The Browns won their rematch with San Francisco 14–7 two weeks after losing to the 49ers at home. Cleveland rebounded from two poor rushing games. Runs by halfback Bill Lund and fullback Marion Motley set up touchdowns in the first half. Lund had a series of successful carries that set up the first touchdown in the first quarter, a short pass to Dante Lavelli from Otto Graham. Motley's 64-yard run in the second quarter was followed by a three-yard touchdown run by Gaylon Smith. Lund, however, turned his ankle in the first quarter and did not return to the game. Motley also suffered a pulled leg muscle in the second quarter and played sparingly thereafter. The 49ers came back in the fourth quarter with strong rushing from fullback Norm Standlee and Earle Parsons. Frankie Albert scored the team's lone touchdown on a one-yard run. San Francisco threatened to tie the game, reaching the Cleveland 19-yard line with five minutes to play, but the Browns defense stood firm and stopped the advance. The win put the Browns two games ahead of the 49ers in the AAFC's western conference with four games to play.
Cleveland beat the Rockets 51–14 at home before a crowd of 60,457, the fourth time during the season that attendance at Cleveland Stadium surpassed 60,000 people. The Browns led from start to finish, and Lavelli and Speedie had two touchdown receptions each. Graham's four touchdown passes helped the Browns reach an AAFC scoring record.Bud Schwenk made his first appearance in the fourth quarter of the game, substituting for Graham as the game turned into a blowout. He threw for a fifth touchdown, a 20-yard pass to Bill Lund. Edgar Jones added to Cleveland's scoring with a touchdown run in the first quarter, and center Frank Gatski scored the team's final touchdown in the fourth quarter after intercepting a pass and running it back 36 yards. It was the only touchdown of Gatski's 12-year career. Groza made a 51-yard field goal, the longest of the year in either the National Football League or AAFC, and kicked through six of the team's seven extra points. The seventh extra point was blocked, only the second time he missed a conversion in 33 tries. The Rockets managed two touchdowns, the first by Elroy Hirsch on an 81-yard drive in the second quarter and the second on a 76-yard punt return in the third quarter.

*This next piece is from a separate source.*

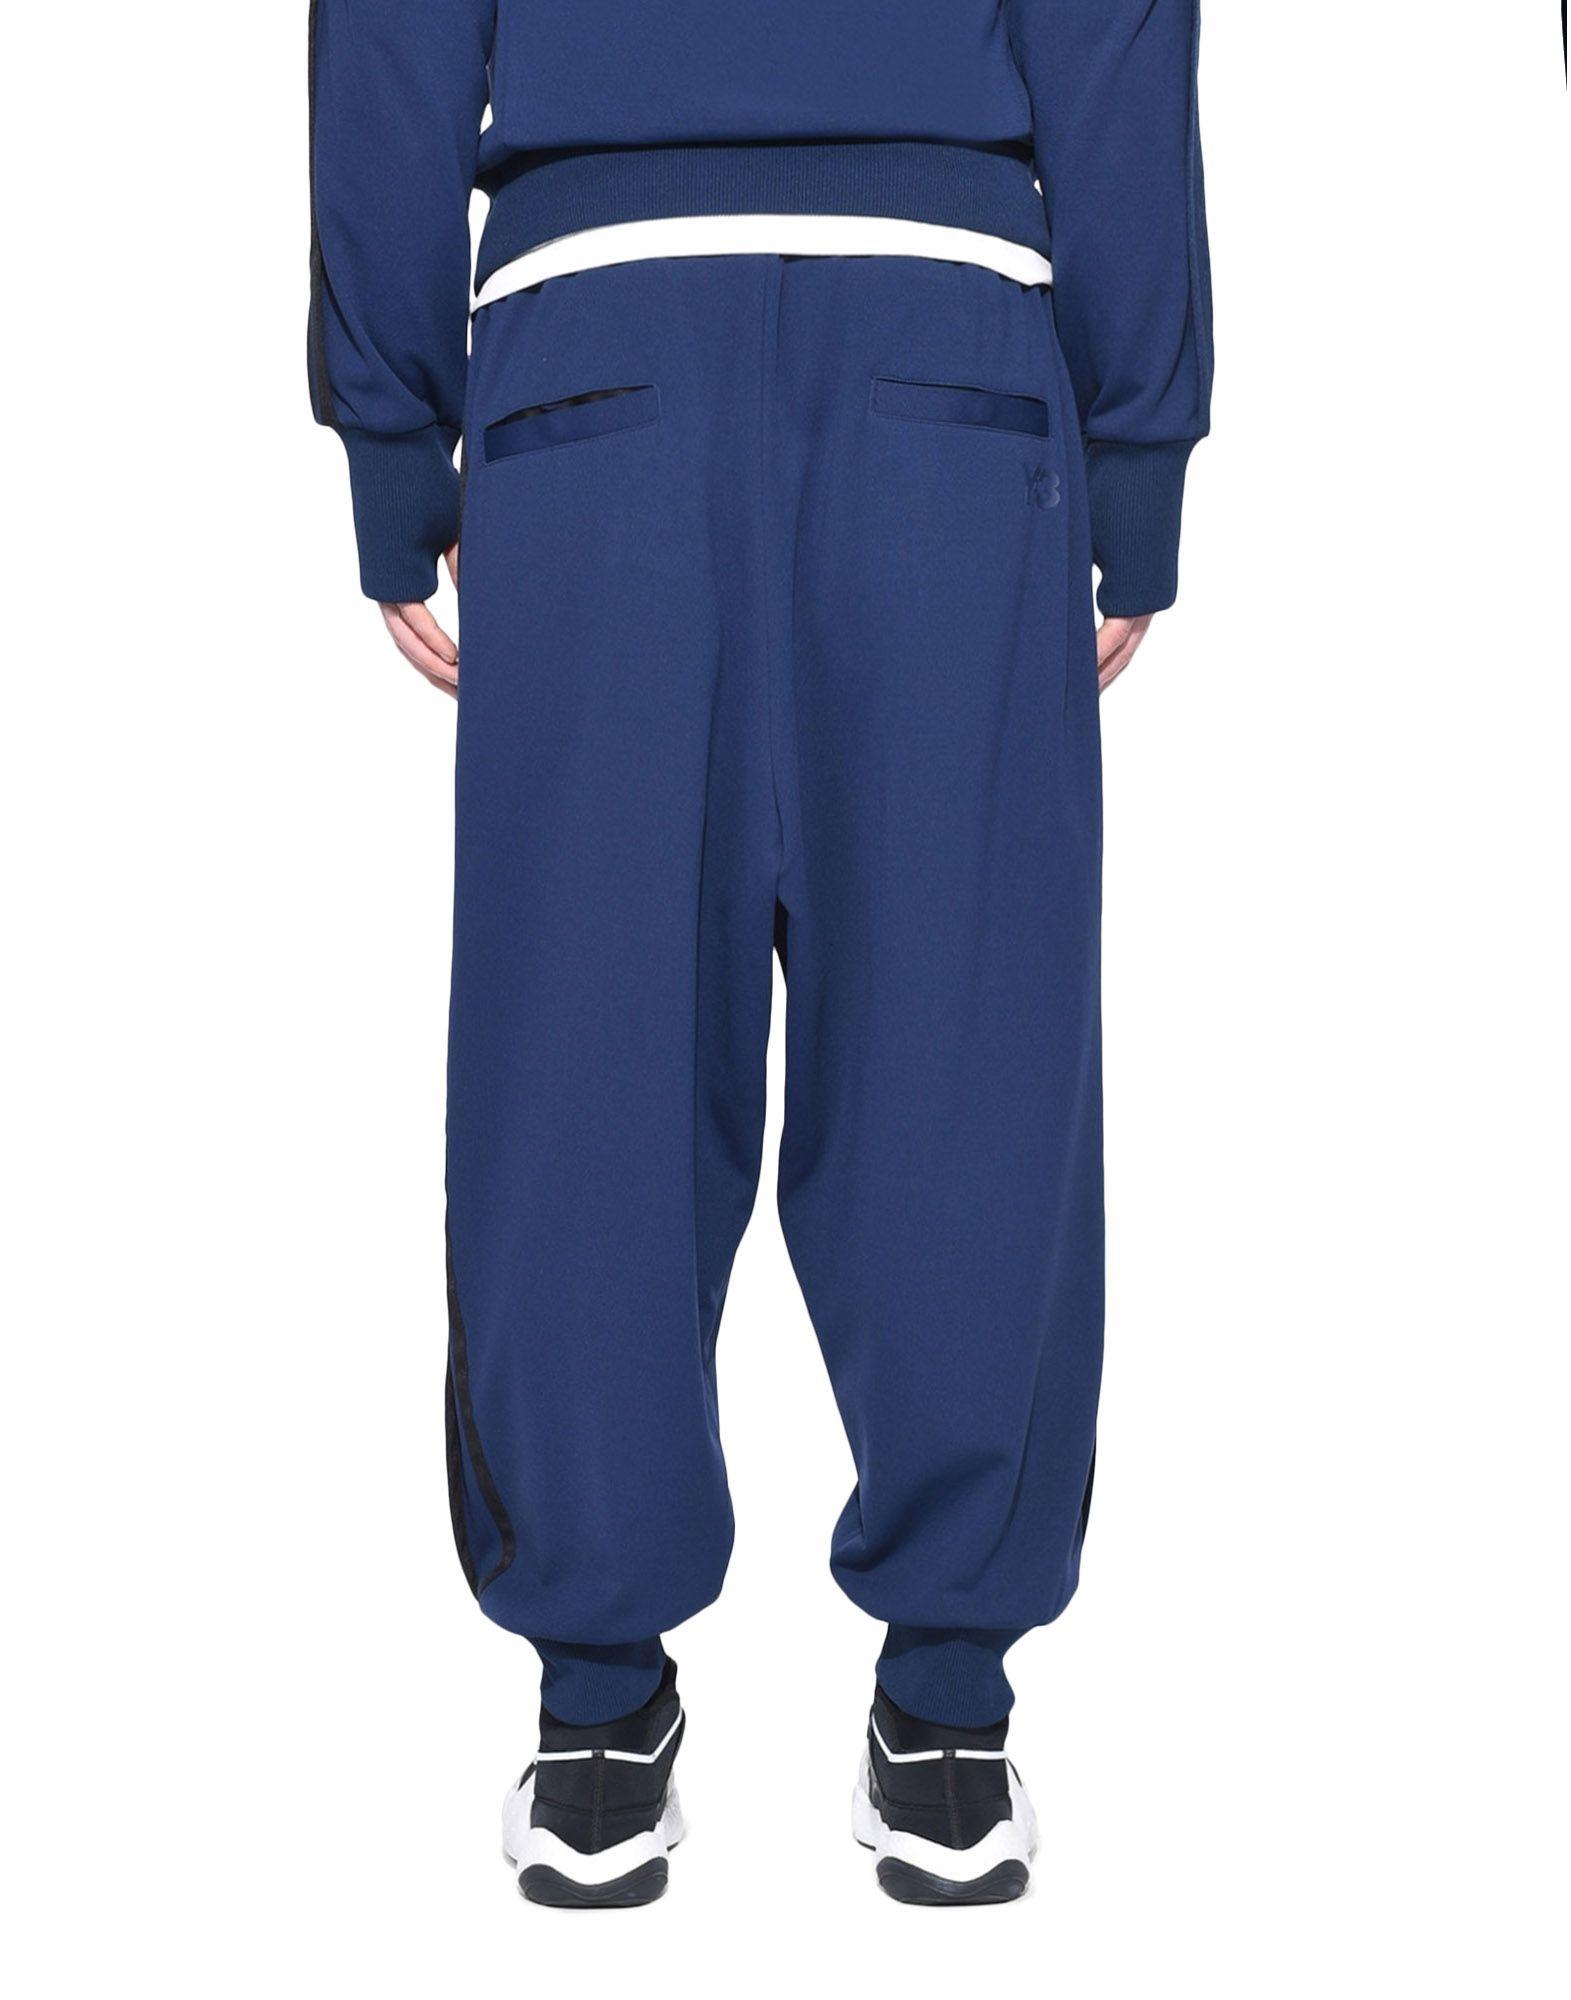 Y-3 Y-3 3-Stripes Selvedge Matte Track Pants Track pant Man d

Cleveland clinched first place in the AAFC's western division and earned a spot in the championship game by beating the Bisons 42–17. The Browns fell behind 10–7 in the first quarter, but subsequently scored 35 unanswered points. Edgar Jones scored two touchdowns, while Motley ran 76 yards for another score.Al Akins and Bud Schwenk had their only touchdowns of the season, playing in the fourth quarter after the Browns amassed a large lead. Despite the Browns' large margin of victory, the game was evenly matched; Cleveland's scores came mostly on breakaway plays. The Bisons had 19 first downs, nine more than the Browns, although the Browns out-gained the Bisons with 455 total yards. The game was marred by numerous penalties against both teams for unnecessary roughness, and the Bisons' kicker Lou Zontini and Browns halfback Ray Terrell were ejected after getting into a fight at midfield in the second quarter. A total of 37,054 people attended the game, the lowest figure for a Browns home game at that point in the season.

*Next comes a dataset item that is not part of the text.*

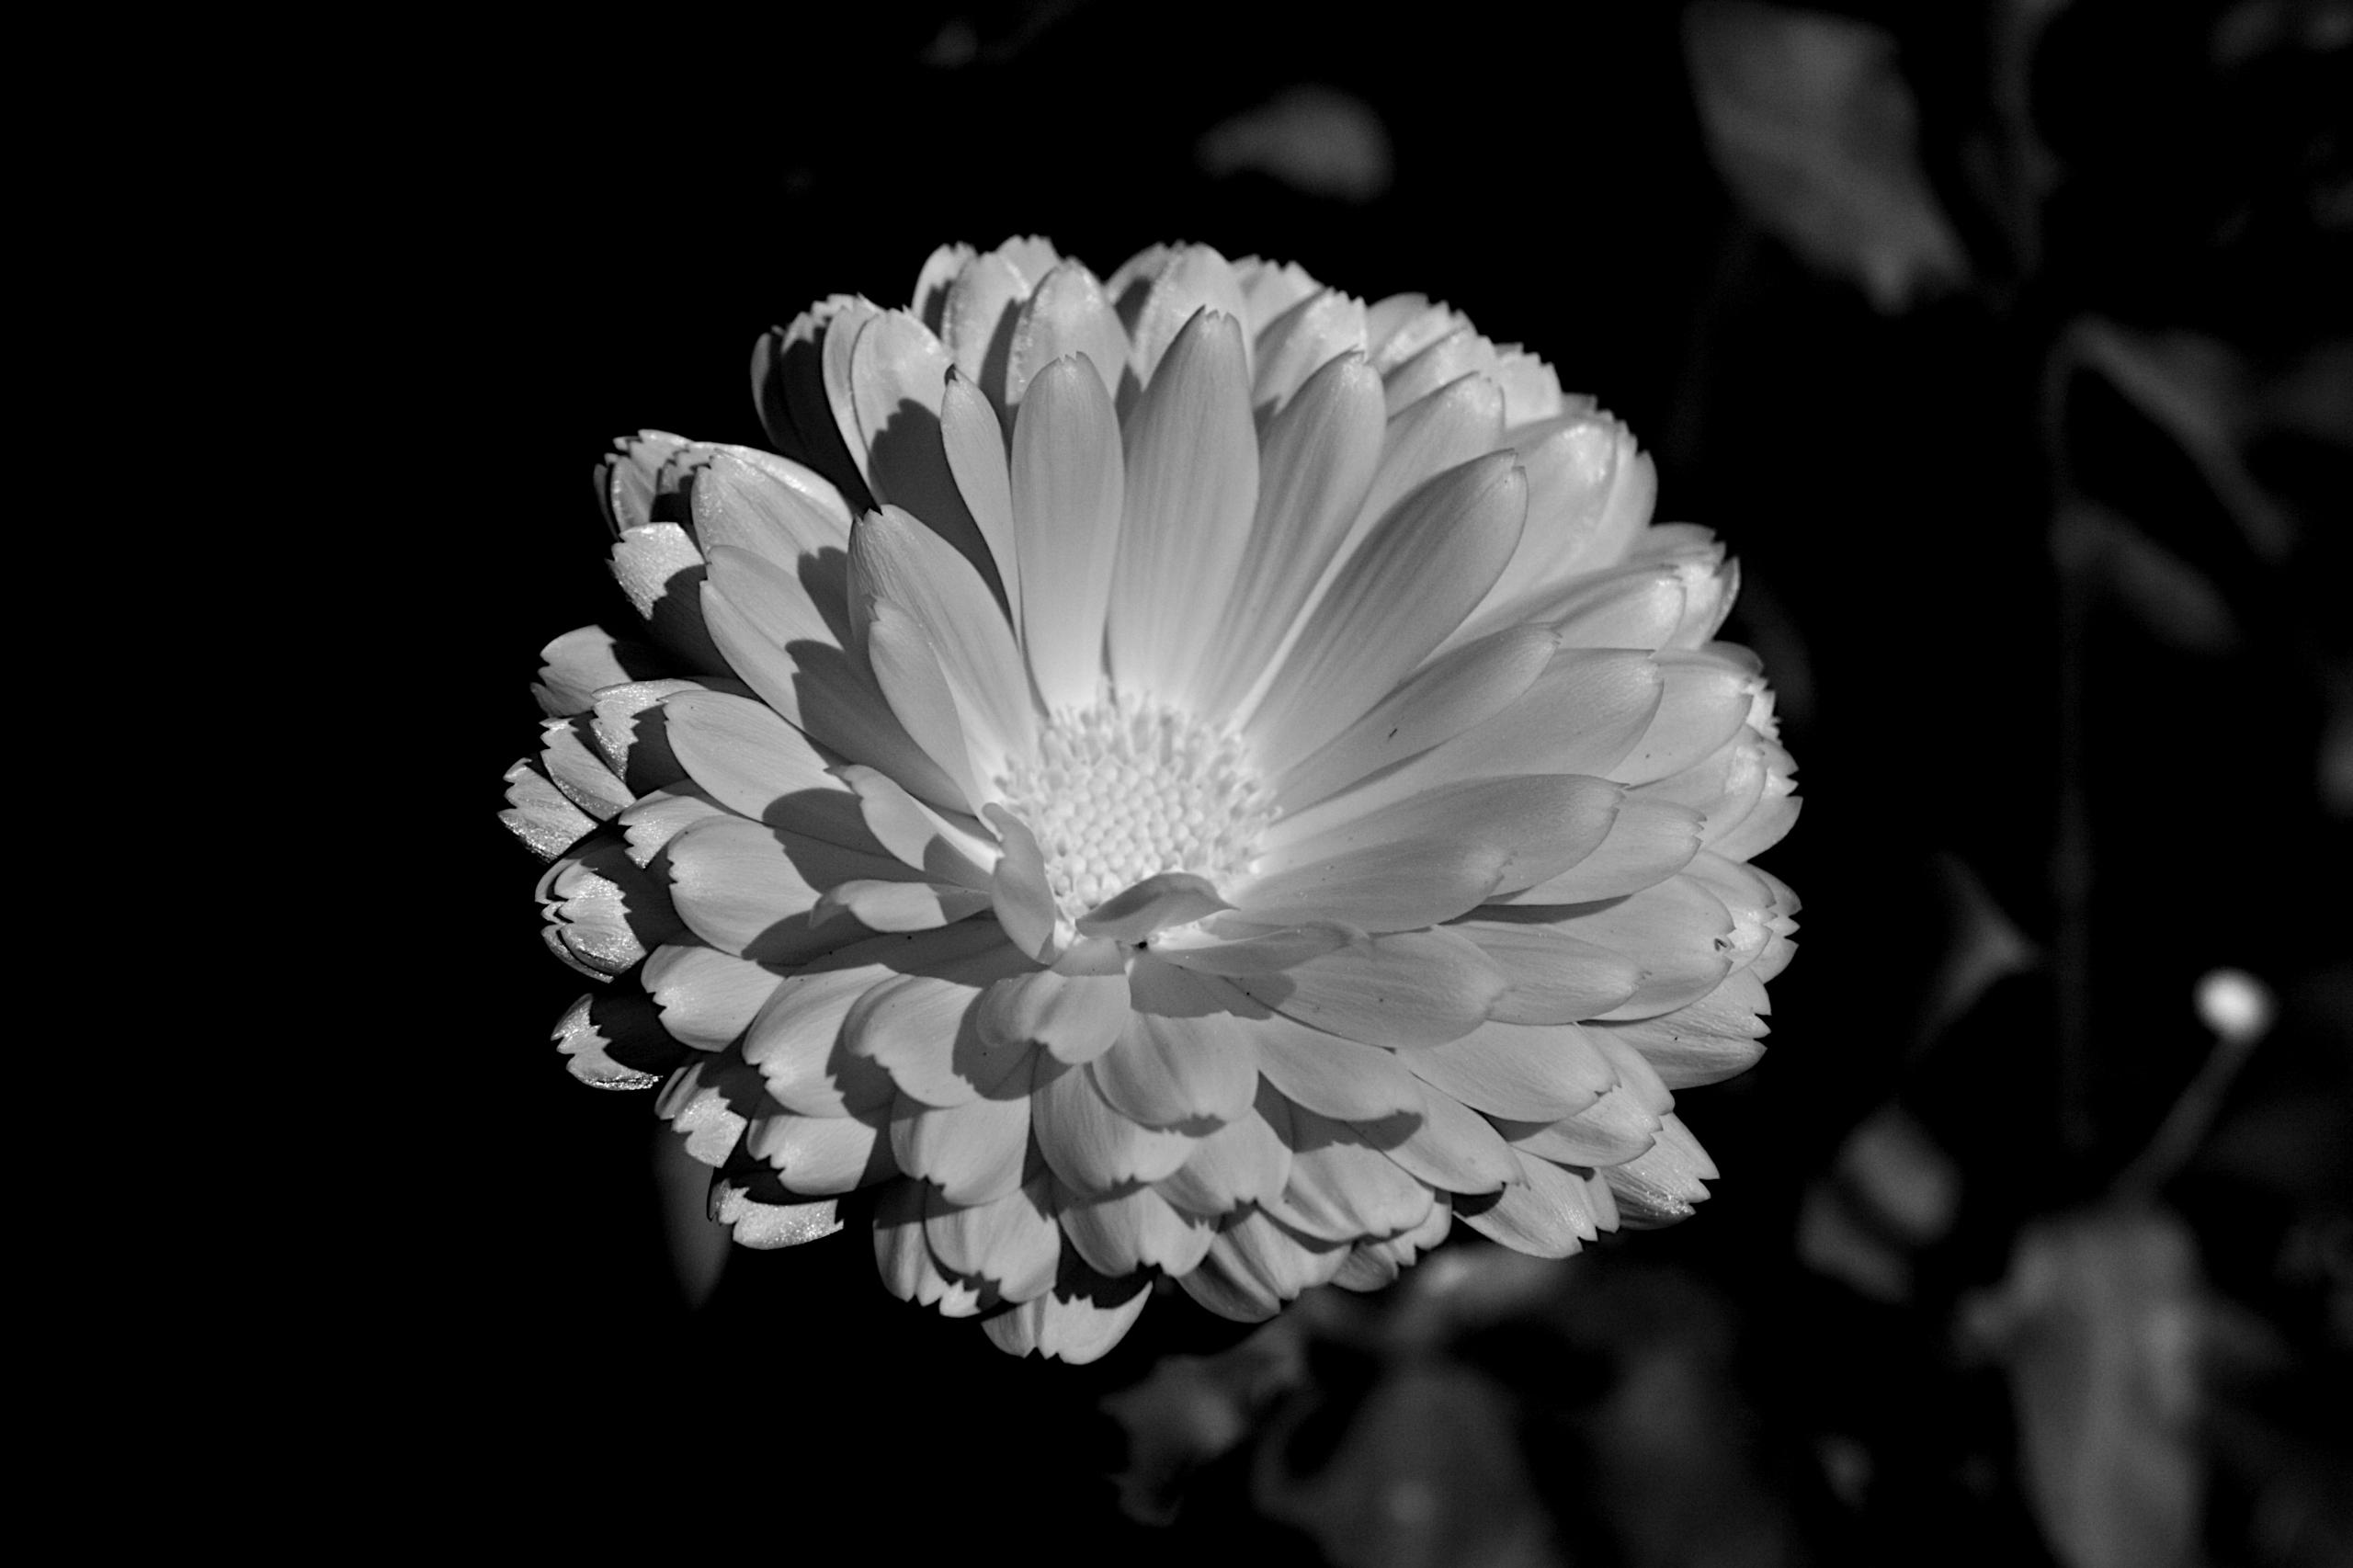 Botanical Monochrome 8858 - flowerphotography - dorian-stretton   ello

Despite traveling without key players Marion Motley and Bill Willis because of Florida's segregation laws, Cleveland beat Miami in a shutout for the second time in the season, winning 34–0. Fueled by the ire the entire team felt because of leaving friends behind, Otto Graham opened the scoring with a 37-yard interception return for a touchdown and the Browns never looked back. Three other Browns players – Edgar Jones, Gaylon Smith and Gene Fekete – ran for touchdowns. Fekete's touchdown was the only one of his short professional career. Groza kicked two field goals, giving him 12 on the season and tying the all-time professional record set in 1926 by Paddy Driscoll. Cleveland led Miami in all phases of the game, amassing 159 yards rushing to Miami's eight and 233 yards of total offense. Miami gained a total of 46 yards rushing and passing. As the Browns prepared to face the Dodgers in the last game of the regular season, they looked ahead to a matchup in the AAFC championship in Cleveland on December 22 with the New York Yankees, the winners the eastern division.
The last game of the Browns' regular season was a 66–14 win over the Dodgers. Nine different Cleveland players scored touchdowns in the game. The Browns' point total set an AAFC scoring record. Groza kicked a field goal to reach 13 for the season, exceeding Driscoll's all-time record. He also kicked four extra points, bringing his total for the season to 45 and beating the previous professional record of 42. Groza, however, injured his left ankle in the third quarter while making a tackle and had to be carried off the field. Substituting for Groza, Chet Adams kicked through five more extra points. Otto Graham played less than half of the game as Cleveland built a large lead, and Cliff Lewis and Bud Schwenk substituted for him in the second half. The Browns ended the game with several injured players at key positions. In addition to Groza, halfbacks Ray Terrell, Don Greenwood and Al Akins had to sit out because of injuries. The win gave Cleveland a 12–2 record as they prepared to face the Yankees in the championship game.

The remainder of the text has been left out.